The numbers of nominally-positive SNPs that lay in clusters within the gene's exons and in 10 kb genomic flanking regions are noted for each sample. Chromosome number and initial chromosomal position for the cluster (bp, NCBI Mapviewer Build 36.1) are listed. Nominal p values for each gene are based on 10,000 Monte Carlo simulation trials. For each trial, the number of times randomly-selected segments of the genome that lie within genes are assessed for the same features displayed by the actual gene identified. Note that the very highly significant p values for the overall convergence noted between these two datasets (text) does account for multiple comparisons, while the much more modest p values for many of the individual genes (displayed here) do not. Genes that are identified by clustered nominally positive SNPs in both samples but whose gene-wise p values lie > 0.05 (perhaps, in part, due to the large size of the genes) include: C4orf13, PRKCE, UNC13C, KIAA1303, MYR8, DNAH11, ONECUT2, TGFBR3, TPD52L1, C9orf28, TMEM108, GALNT14, HECW2, NFIB, STS-1, KIAA1217, RAB3C, SNTG1, CPNE4, PTPRM, SLC39A11, MDS1, GPC5, ZNF533, NR5A2, RYR3, C8orf68, CTNNA2, GRM5, ATRNL1, ARL15, BTBD9, CNTNAP5, GALNTL4, PELI2, SNRPN, GPR98, ERC2, NFATC2, FLJ16124, GRM7, SORCS2, NPAS3, PARVB, IGL@ and LRP1B.

We would anticipate the observed, highly-significant clustering of SNPs that display nominally-positive results if many of these reproducibly-positive SNPs lay near and were in linkage disequilibrium with functional allelic variants that distinguished substance-dependent subjects from control subjects. We would not anticipate this degree of clustering if the results were solely due to chance. The Monte Carlo p values noted here are thus likely to receive contributions from both the extent of linkage disequilibrium among the clustered, nominally-positive SNPs and the extent of linkage disequilibrium between these SNPs and the functional haplotype(s) that lead to the association with substance dependence.

Neither controls for occult stratification nor for assay variability appear to provide convincing alternative explanations for most of the data obtained here.

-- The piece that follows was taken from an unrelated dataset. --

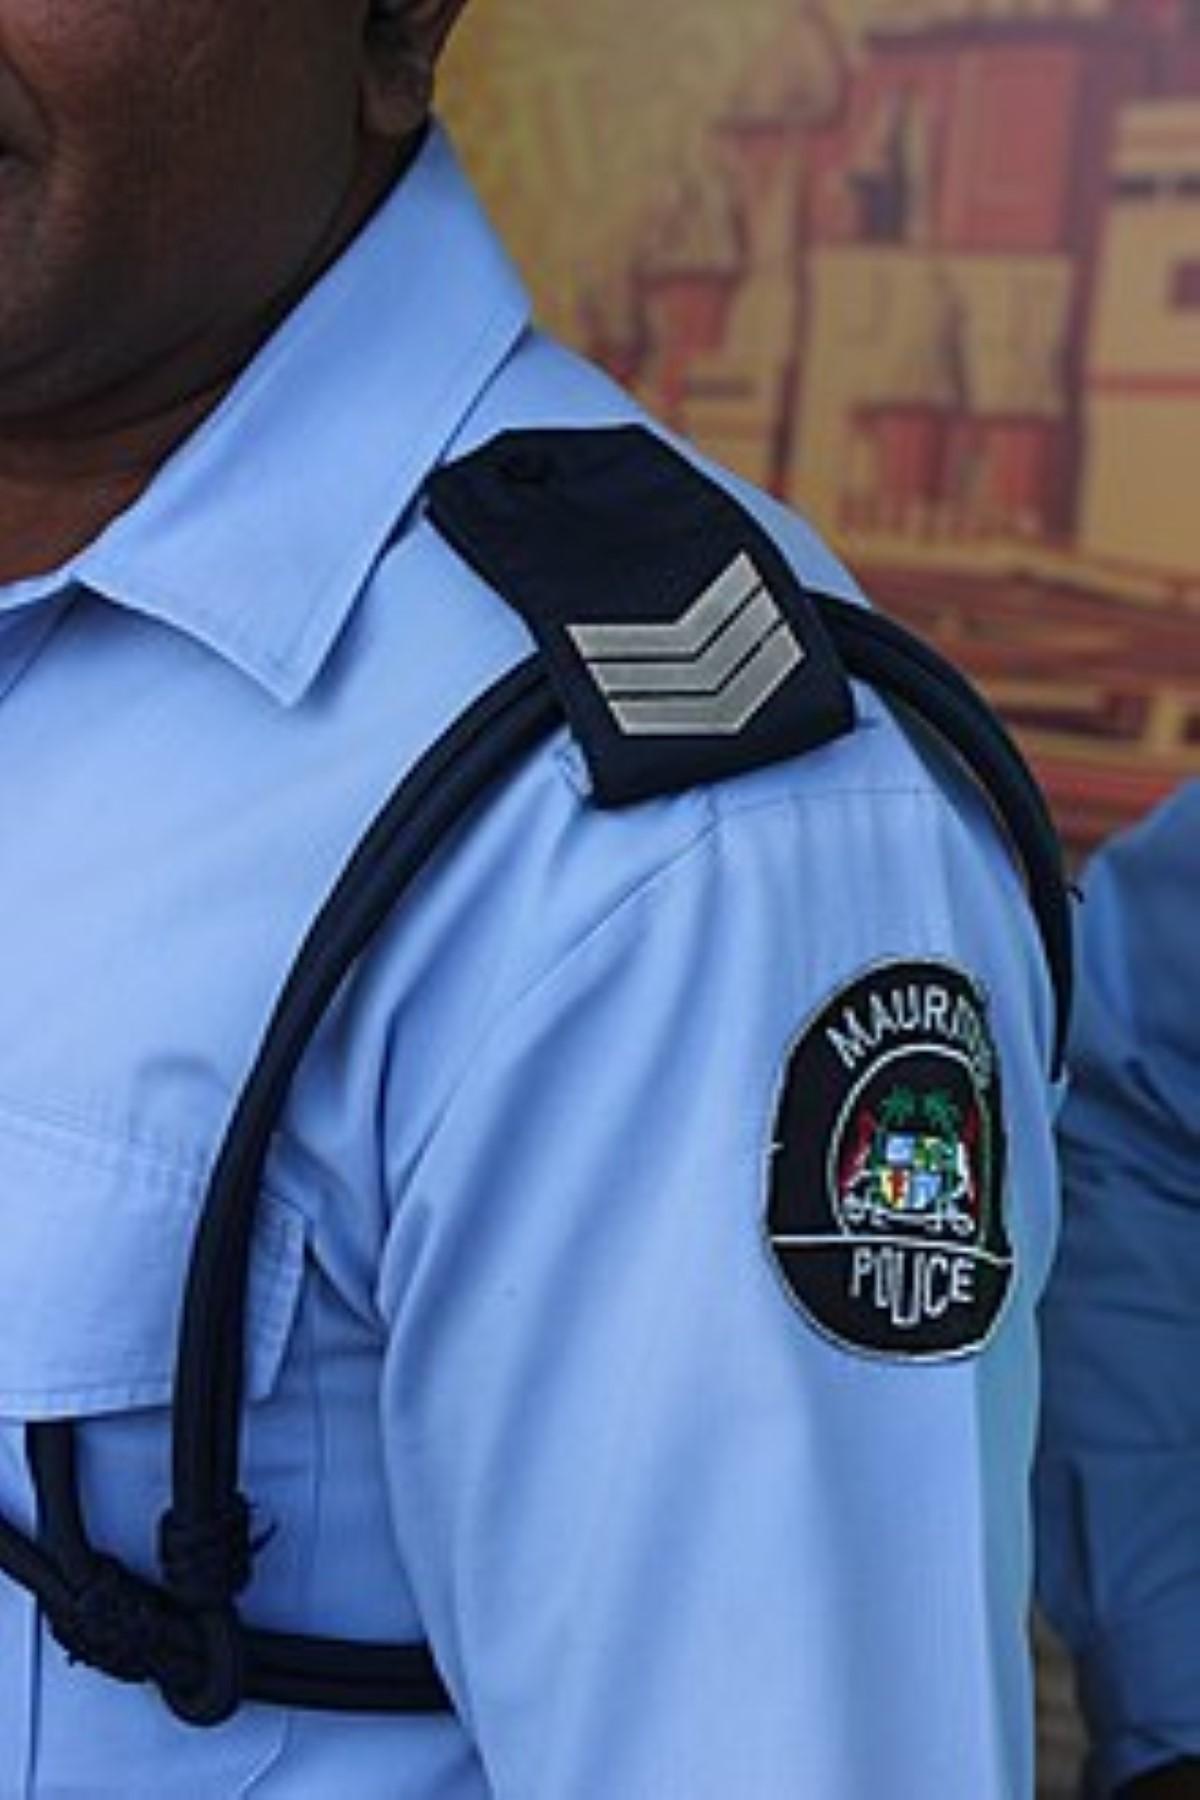 Un mineur porte plainte et affirme qu'un policier l'aurait menacé avec son arme à feu

When we examined the overlap between the 7620 clustered positive SNPs from the ECA samples and: 1) the 2.5% of the SNPs for which the noise in validating studies was highest and 2) the 2.5% of SNPs that displayed the largest differences between Baltimore African-American vs European American control individuals, we found 15 and 245, respectively, vs 185 expected by chance in each case.

We evaluated evidence for preferential brain and brain regional expression of the 172 genes identified in Table 1 (body and legend). Brain libraries represented in dbEST contained ESTs that corresponded to 91% (157/172) of these genes. Expression for this set of genes (compared to all genes) displayed nominal significance in thalamus (p < 10-8), amygdale (p = 5.6 × 10-9), hippocampus (p = 2.6 × 10-5), frontal cortex (p = 0.015) and medulla (p = 0.039) using hypergeometric tests (p values were Bonferroni corrected for repeated comparisons). Assessments of the "more reliable" subset of ESTs revealed significant overexpression in whole brain (p = 2.1 × 10-7), amygdala (p = 4.4 × 10-6), hippocampus (p = 0.0011), cerebellum (p = 0.0052), thalamus (p = 0.037) and cortex (p = 0.049) (p-values were Bonferroni corrected).

Discussion

The current results 1) provide independent support for GWA results from larger samples of research volunteers studied for substance dependence phenotypes and 2) provide a control for one of the potential confounding features of this previously-studied sample. The possibility that genetic results from members of any sample of research volunteers might not represent the genetics of members of the general population is ever present. In molecular genetic studies of substance dependence, however, features that are both 1) heritable and 2) differentially present in substance dependent individuals might, a priori, be considered to be especially likely to provide confounding influences. Cognitive abilities are highly heritable. Cognitive tests in a number of samples of substance dependent individuals have indicated differences in performance (reviewed in [13]). A study in twin pairs whose members were discordant for substance use concluded that most of these cognitive differences were likely to be heritable antecedents to, not just consequences of, the use of addictive substances [37]. Cognitive abilities have been shown to interact with willingness to volunteer for and/or participate in research protocols in a number of settings [1,12,14-25]. A number of personality features are also highly heritable [38]. Neuroticism is both one of the more heritable personality features and also the personality feature that has been demonstrated to be elevated in several samples of substance dependent individuals [38]. Personality features have also been linked to willingness to volunteer for participation in research protocols [1,12,14-25]. A number of psychiatric disorders that might also be linked to differential willingness (or ability) to participate as a research volunteer are also heritable and co-occur with substance dependences at rates much greater than chance [13].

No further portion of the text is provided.